Jonah remembered only too well. He’d been at Totton Station on more than one occasion when Tom had stormed in, rage and sadness turning his face pink between the wild hair and the equally wild beard.
“We’re looking at new lines of inquiry now,” Jonah said with a glance at Hanson. “The position of the remains has raised questions. She was buried beside the river along with a stash of Dexedrine. We have reason to believe that the cache of drugs belonged to you.”
Jonah had been watching Benham, and there was a void where there should have been a reaction. He was absolutely still, and for a good few seconds afterward he moved nothing but his eyes.
The silence was broken by a single sound. “Ah.”
Jonah watched the creases in his face, but kept his silence. “Can you confirm for us that the drugs belonged to you?” he said finally.
Benham’s expression became pained. “I don’t know if I…What’s the relevance of the drugs?
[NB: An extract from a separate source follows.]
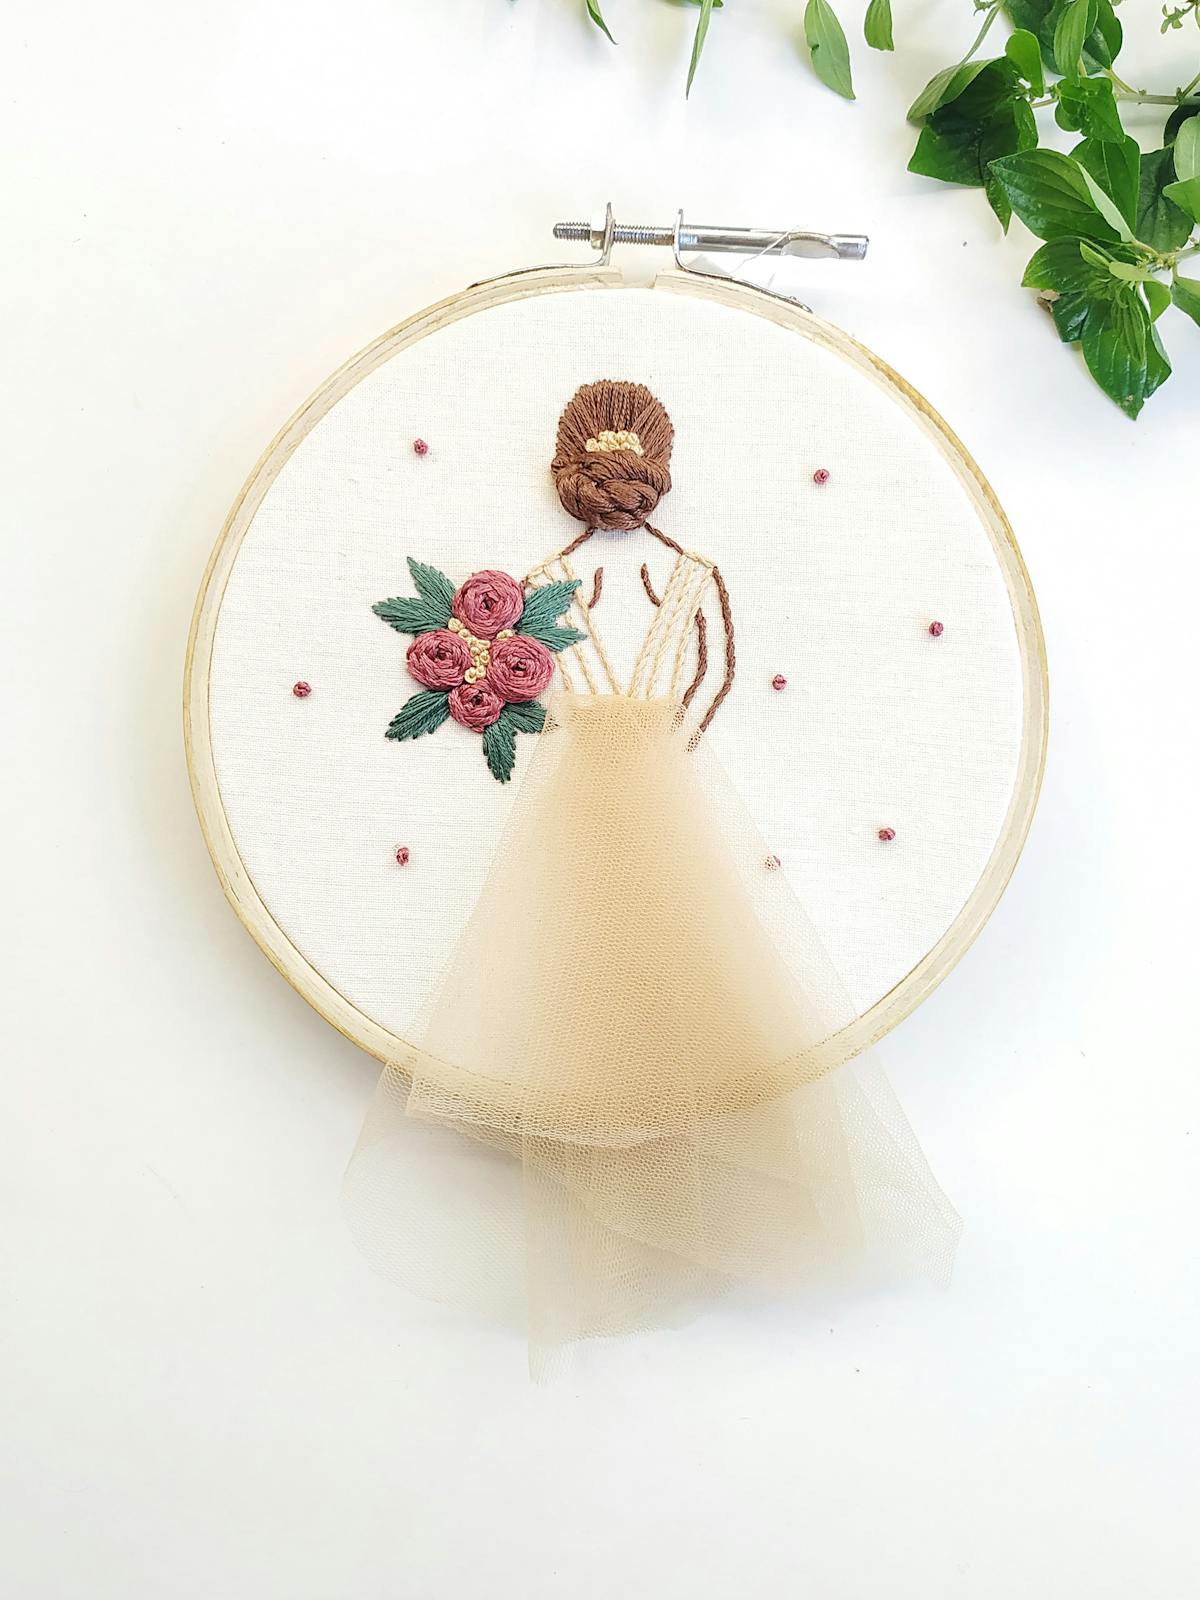 Hoopies Art wedding embroidery

It’s not part of the investigation, is it? I don’t…it’s Aurora that matters. That’s what you want to know about. Aurora. Isn’t it?”
Hanson glanced at Jonah, uncertain.
“The drugs are directly relevant to our investigation of her death,” Jonah said levelly. Which was exactly the reverse of what he had said to Brett within the last hour. He could feel Hanson watching him.
“I see.” Benham sat up a little and tucked his hands further round himself as if cold. “Then I think I’d better wait until I have a solicitor present. Don’t you think?”
He sounded peculiarly regretful. But unmoving.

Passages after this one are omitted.